### BRIEF
Your copy of the entries below should hold exactly the lines from the one containing "Chabelita Pantoja en" to the one containing "Попугай Charlie интерактивный", inclusive, and no pictures.

### RECORDS SHOWN
· · · · · · ·

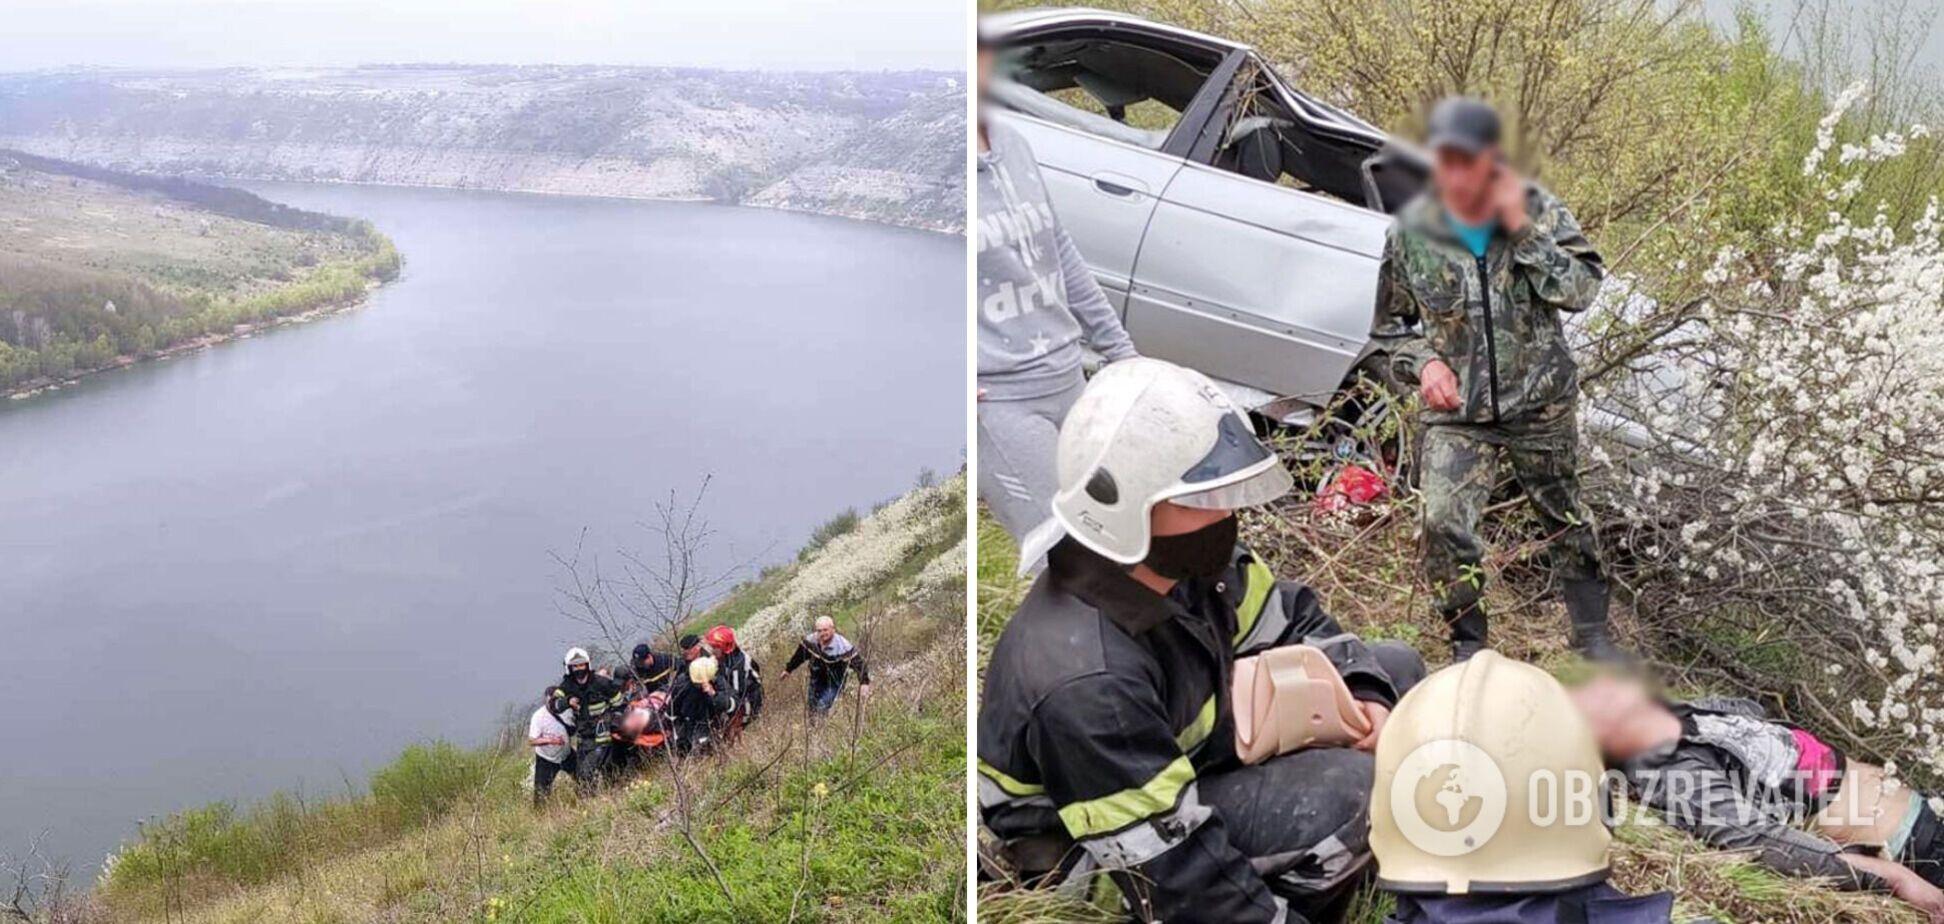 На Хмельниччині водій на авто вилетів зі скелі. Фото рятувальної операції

· · · · · · ·

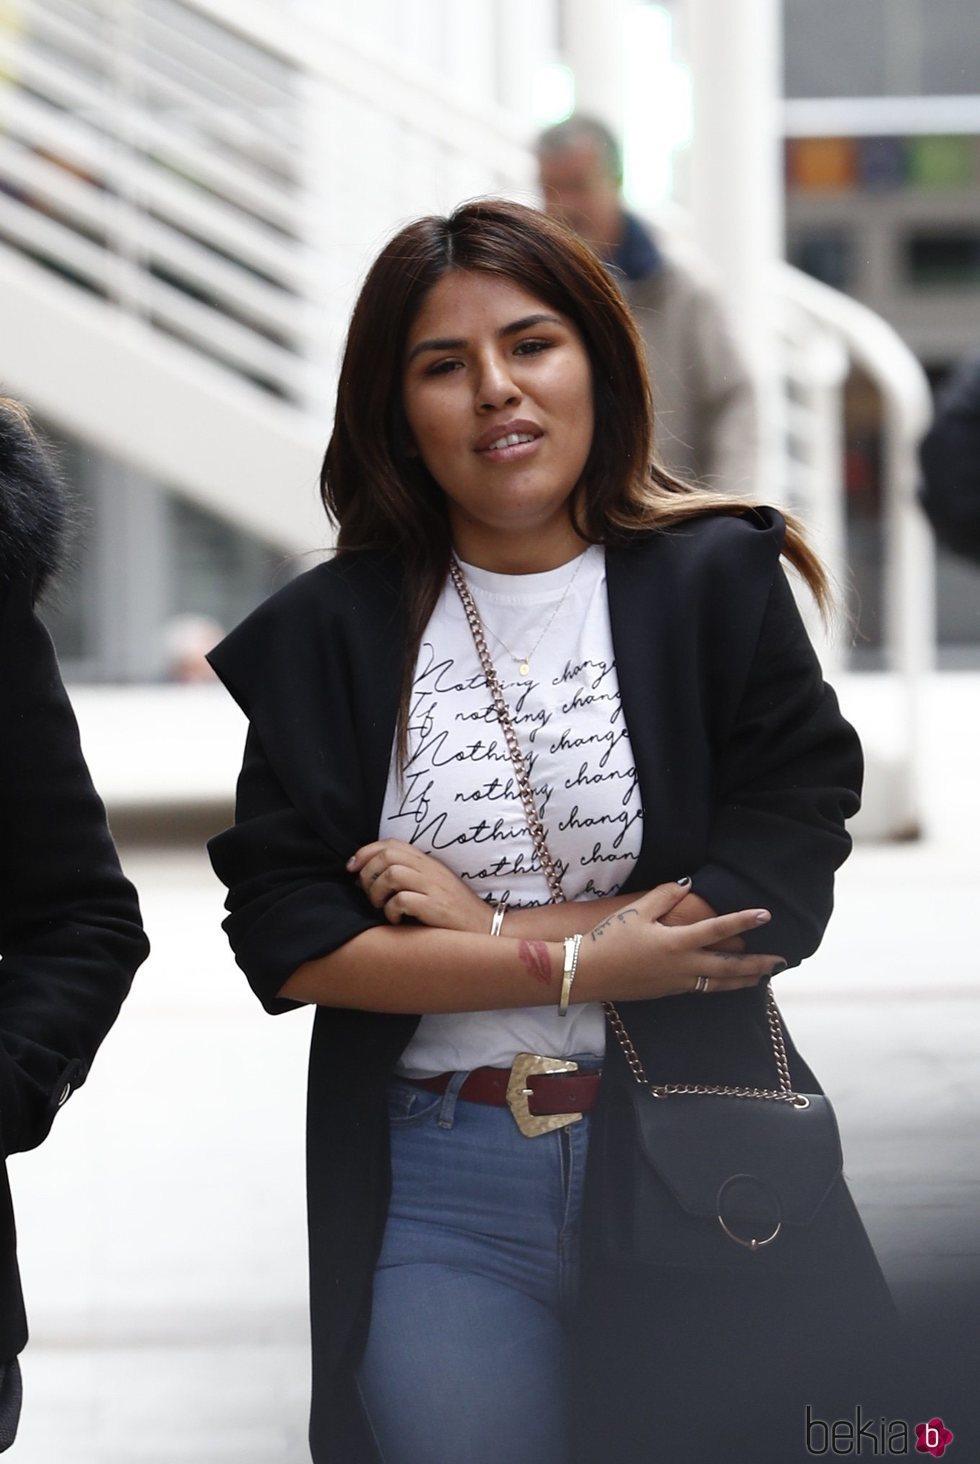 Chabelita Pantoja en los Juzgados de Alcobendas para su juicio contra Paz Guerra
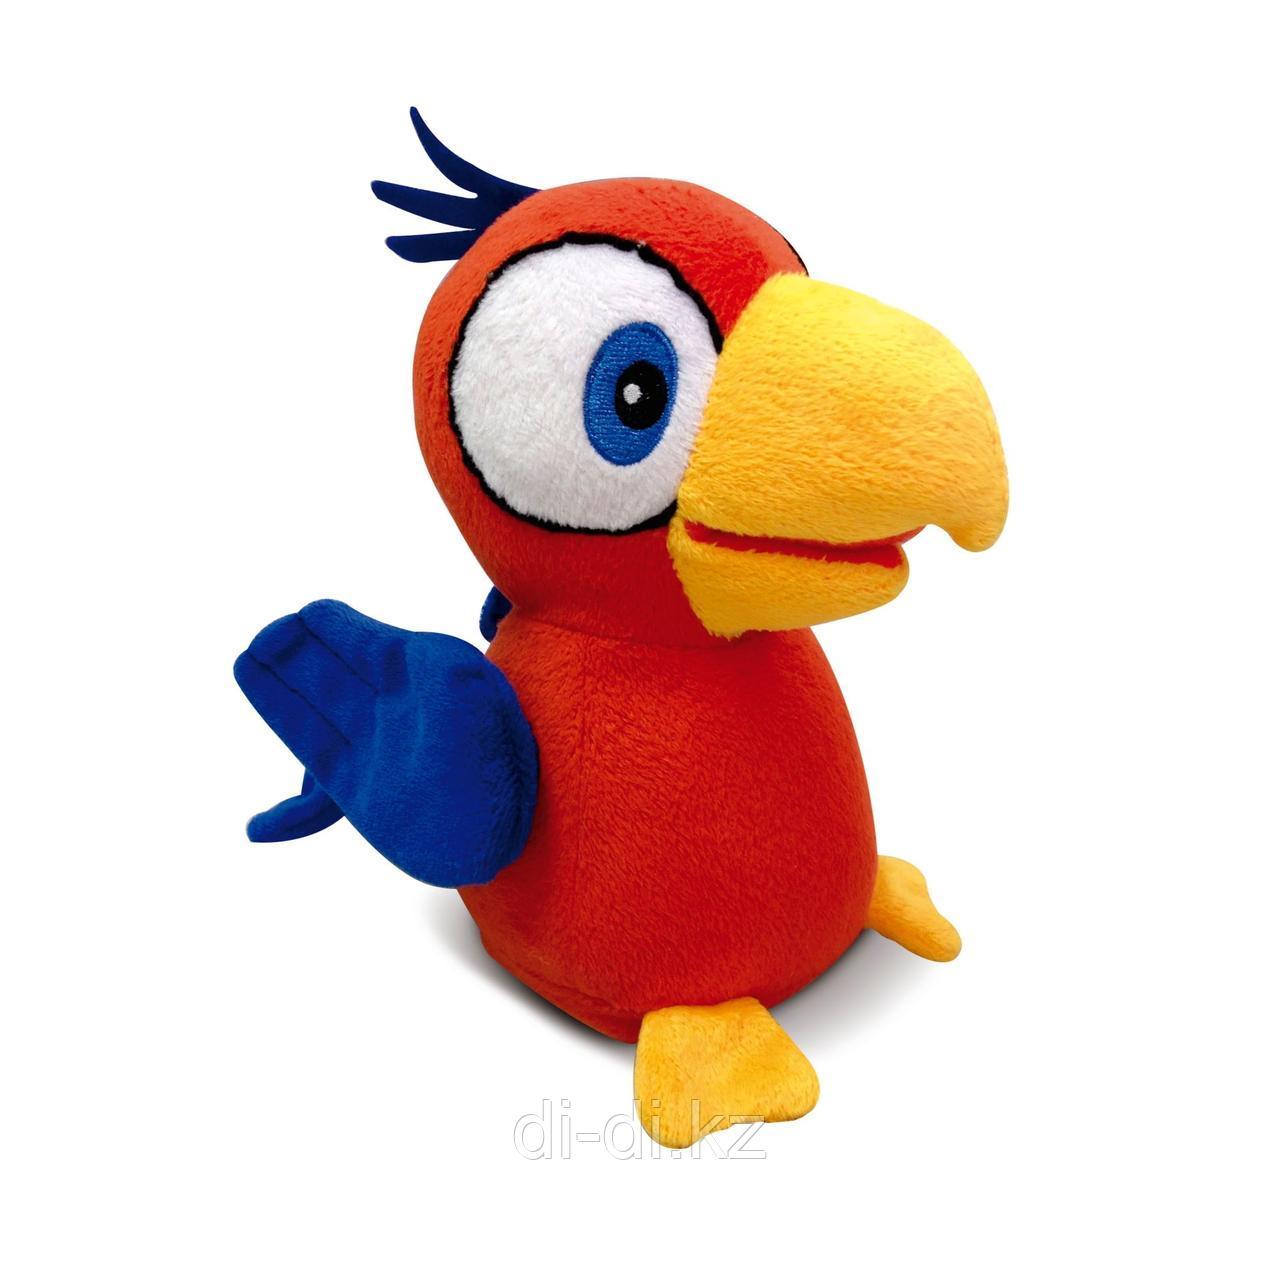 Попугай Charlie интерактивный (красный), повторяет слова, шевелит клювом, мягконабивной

· · · · · · ·

### ANSWER TO THIS PROBLEM
 Chabelita Pantoja en los Juzgados de Alcobendas para su juicio contra Paz Guerra
 Попугай Charlie интерактивный (красный), повторяет слова, шевелит клювом, мягконабивной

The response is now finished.